#### Source material:
┏━━

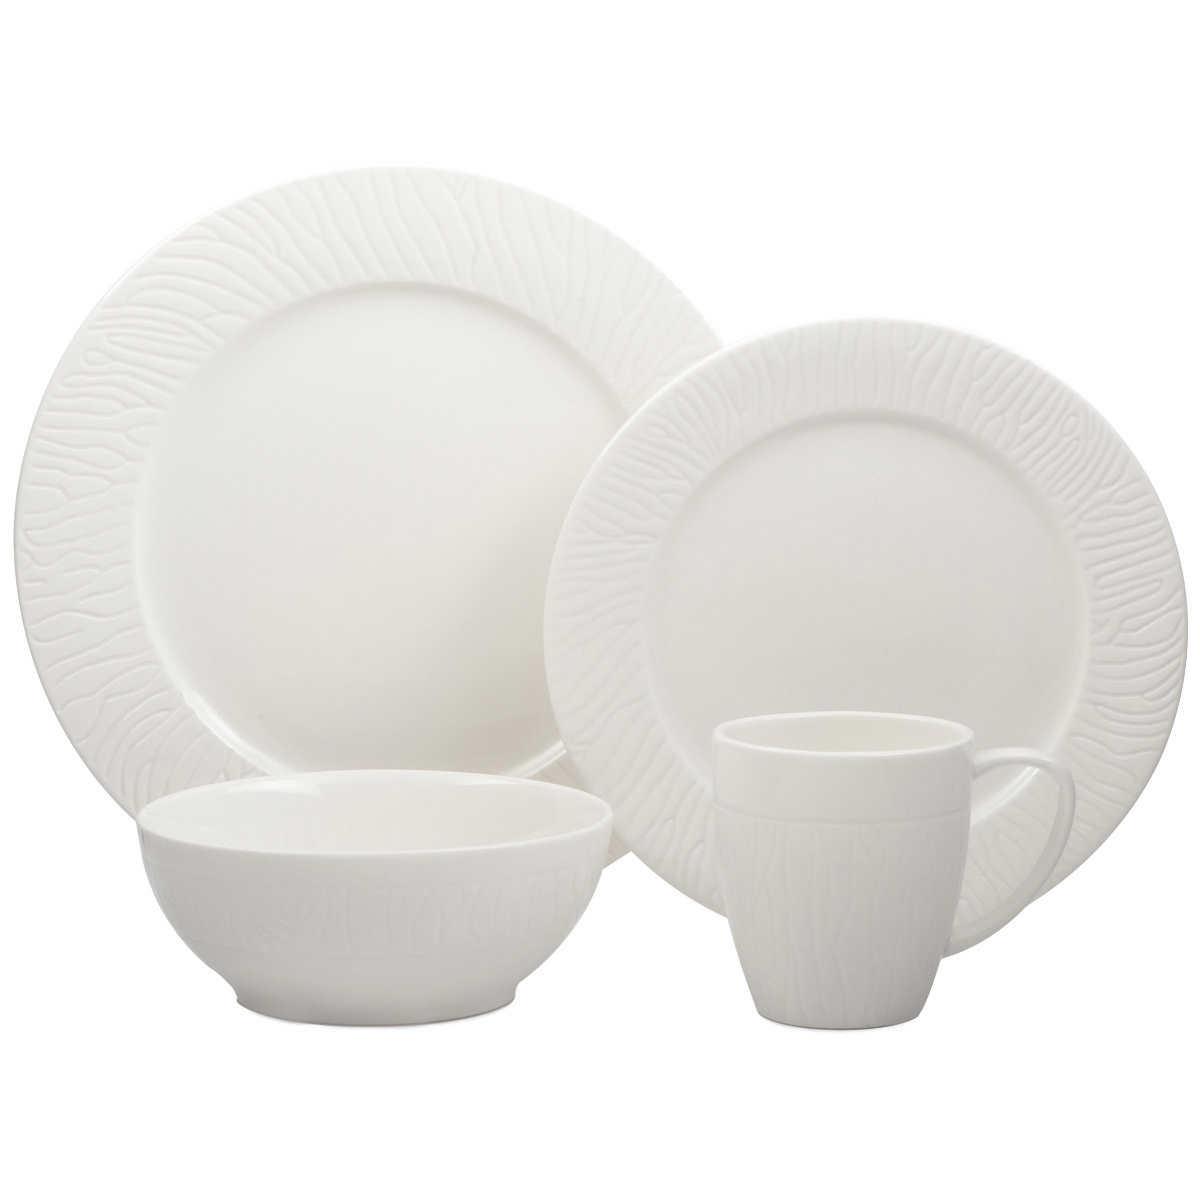 Roscher 32-piece Pure Square Fine Porcelain Dinnerware Set
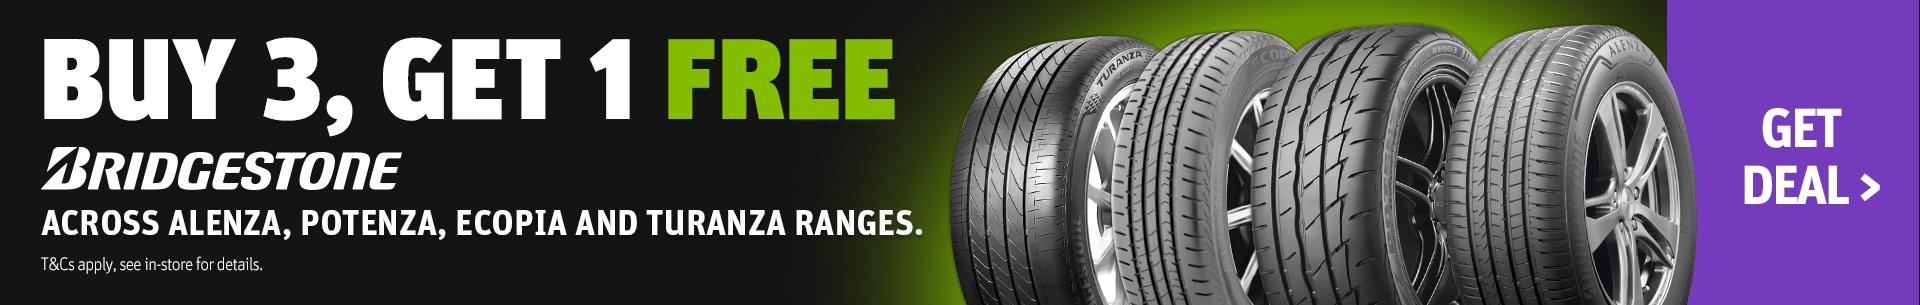 Buy 3 Get 1 Free Bridgestone Tyres
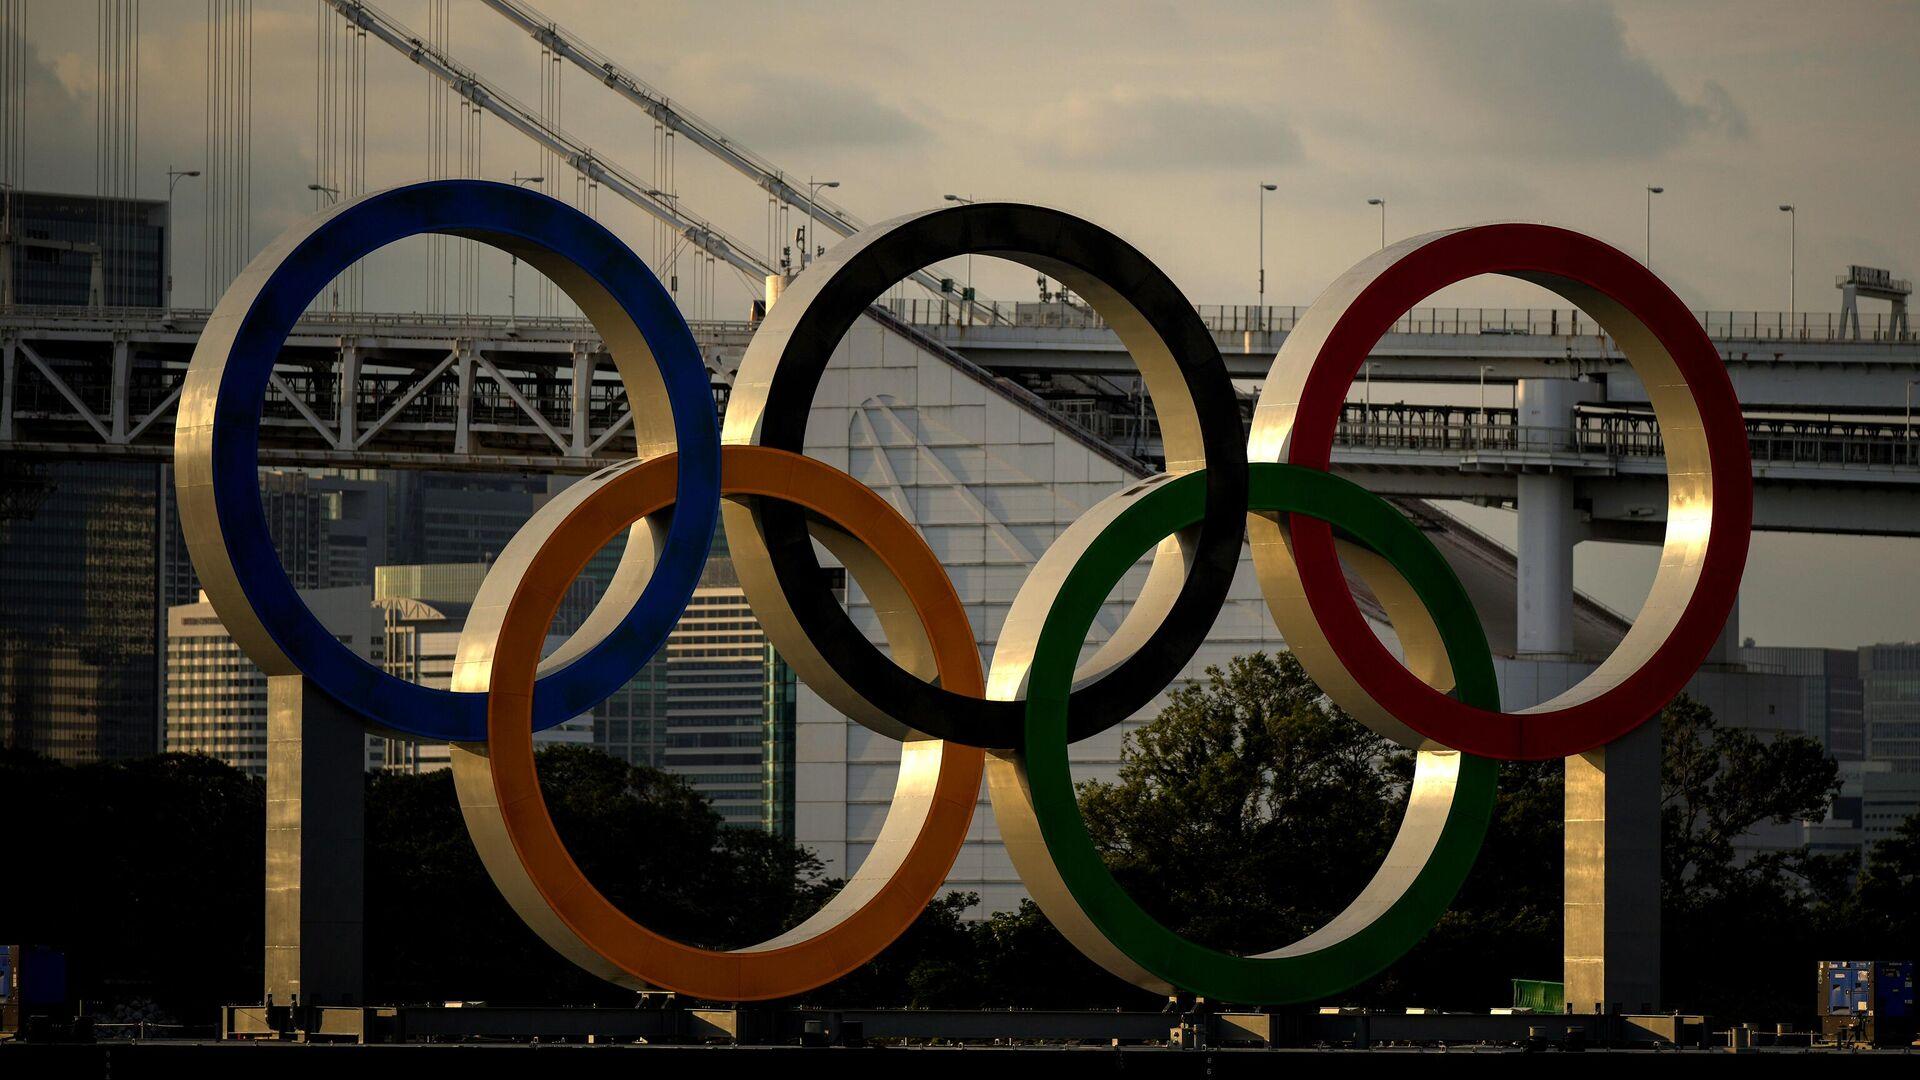 Токио накануне открытия Олимпийских игр - РИА Новости, 1920, 24.07.2021

┗━━

#### What is being asked:
Write the lines from the one containing "Buy 3 Get 1 Free Bridgestone Tyres" through the end of the data above exactly as they appear, and do not carry over any picture.

#### Solution to this task:
 Buy 3 Get 1 Free Bridgestone Tyres
 Токио накануне открытия Олимпийских игр - РИА Новости, 1920, 24.07.2021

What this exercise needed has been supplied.